# Allis-Chalmers



## musicman300 (Apr 3, 2010)

Since these are made by the same company, I'll ask about it here. Does anyone have one of the new Allis mowers and if so how do you like it? John


----------



## HYDROGUARDIAN16 (Feb 14, 2007)

My work sells them, the only thing that I dont like is the hood. It is sloppy, doesnt close well. Seems loose when I rock it side to side. Other than that they are pretty nice. The four wheel steering tractor by AC is great, minus the missing deck rollers that the simplicity brand offers.

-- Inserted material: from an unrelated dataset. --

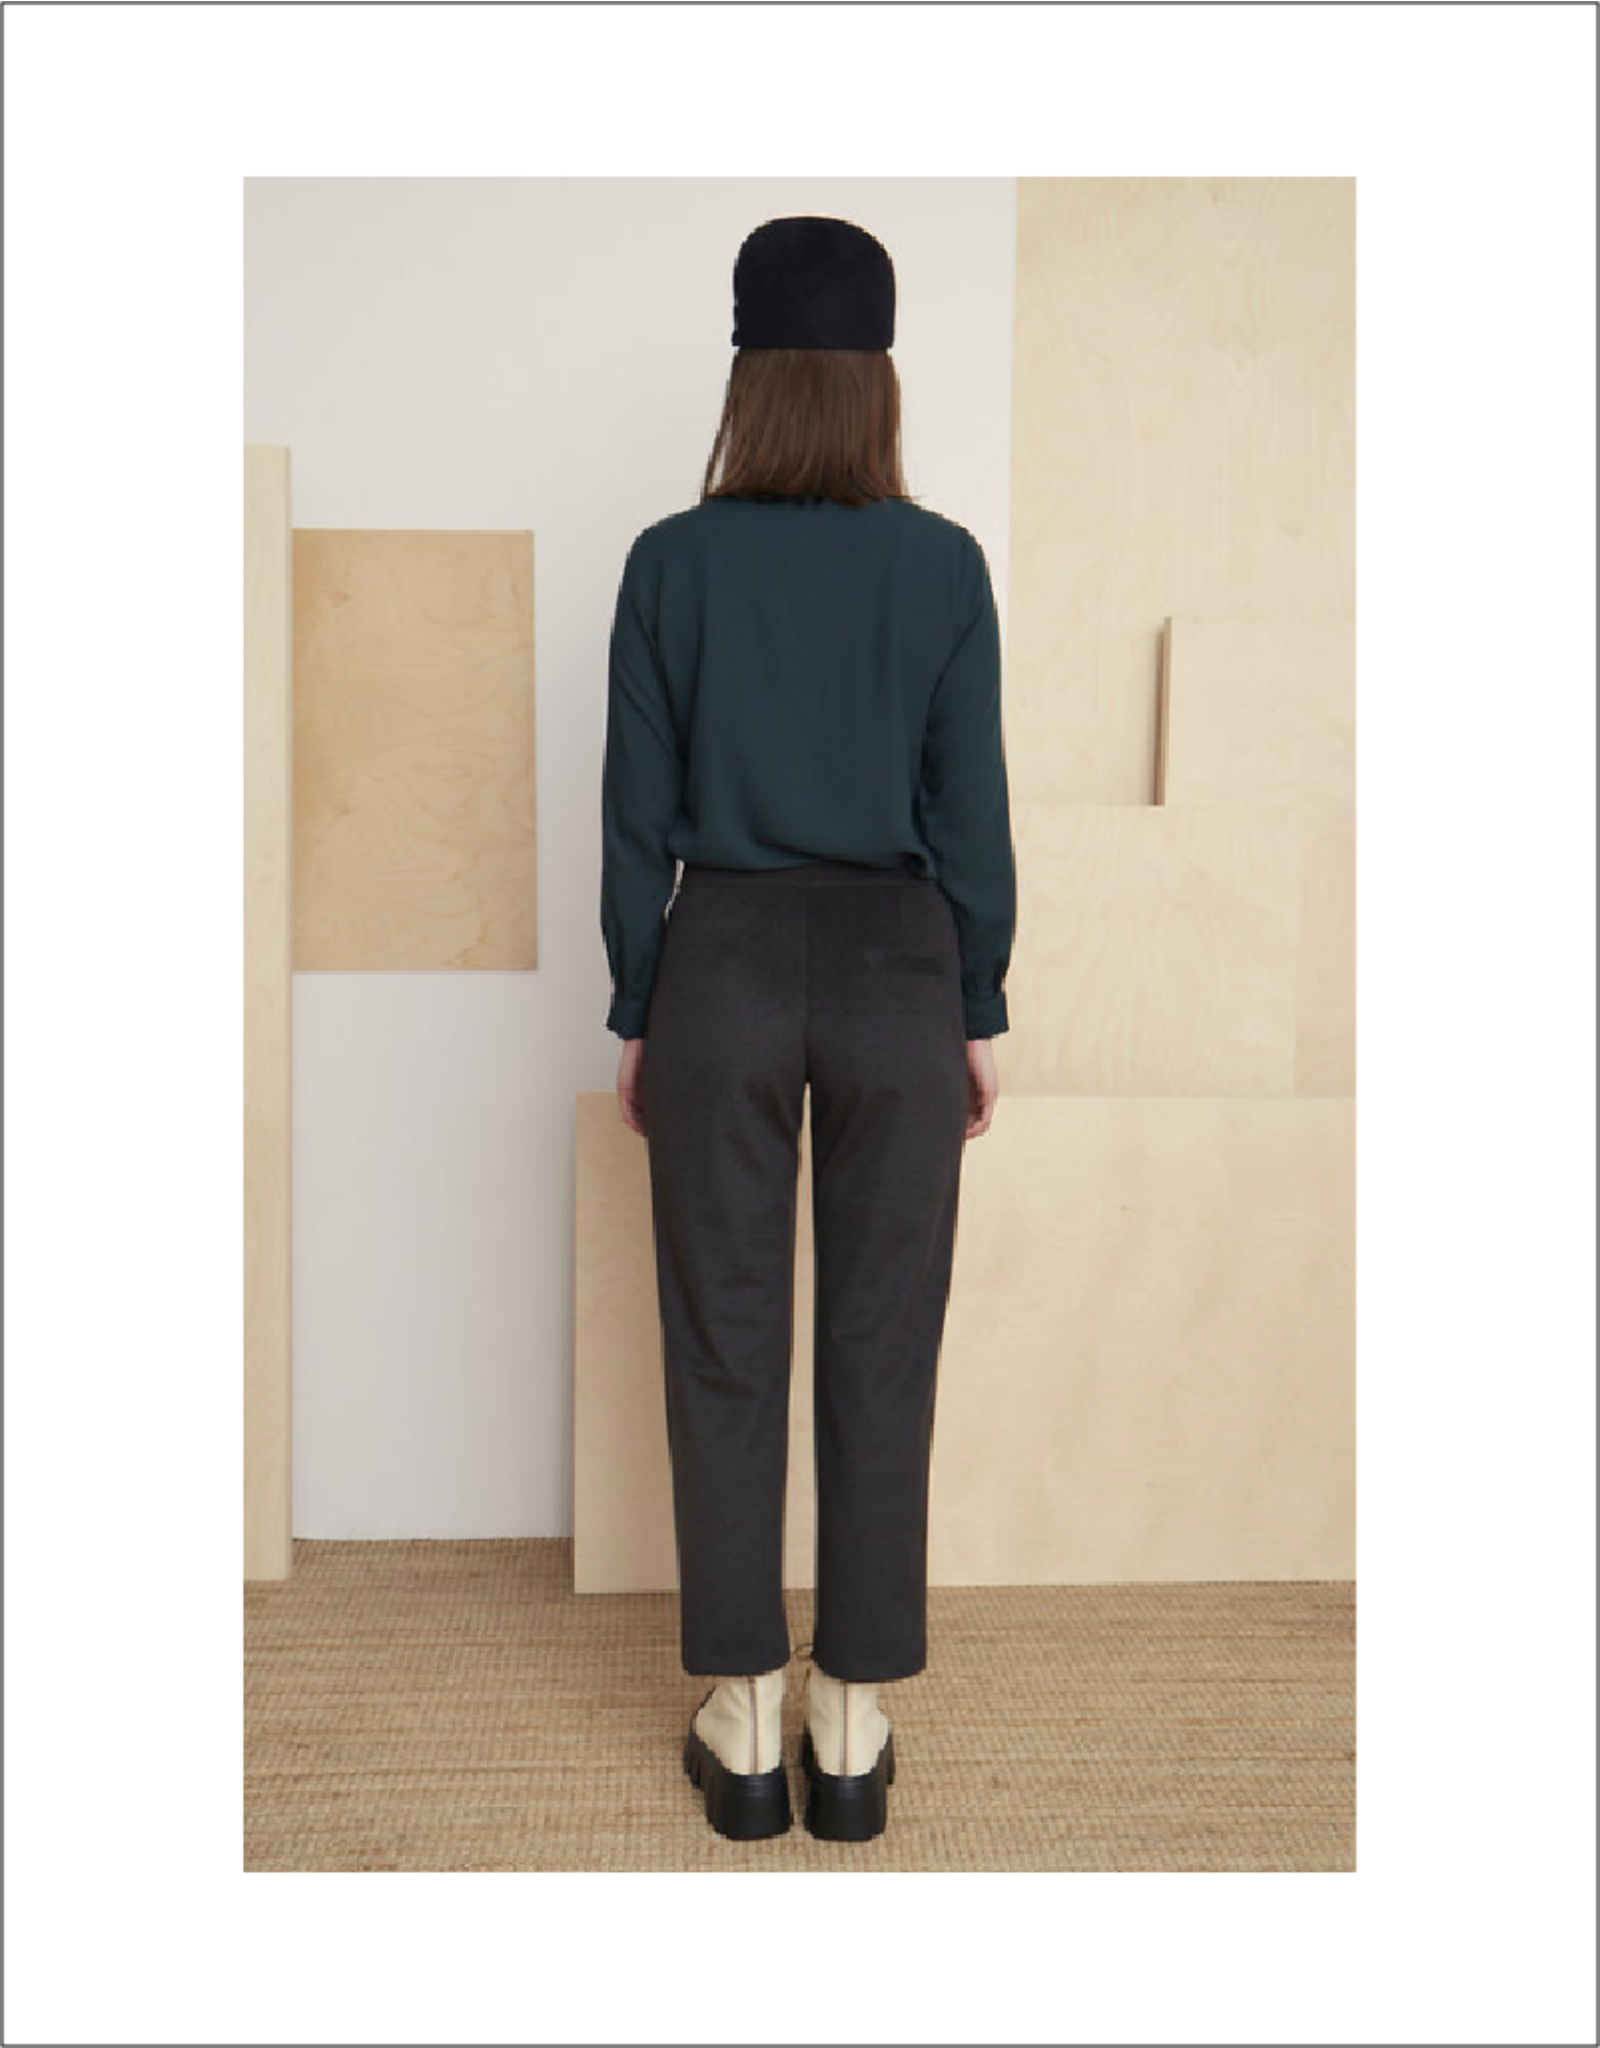 Bodybag High-Rise Slim Pant

The tractor is a #$%T^ch to push around even with the transmission released.


----------



## lawnidiot (Apr 27, 2013)

Looking for info on installing drive belt for AC 608 ltd lawn tractor


----------



## skunkhome (Nov 30, 2008)

lawnidiot said:


> Looking for info on installing drive belt for AC 608 ltd lawn tractor


Well, gee that is off topic! 

I am disheartened that they would resurrect the AC badge to put on such a machine. 

I wonder if Briggs bought the trademark outright or paying royalties to the current owner of Allis Chalmers Energy.


----------



## sunn300t (Feb 16, 2014)

i havent seen one yet but i cant imagine them being as handsome as the oldies!


----------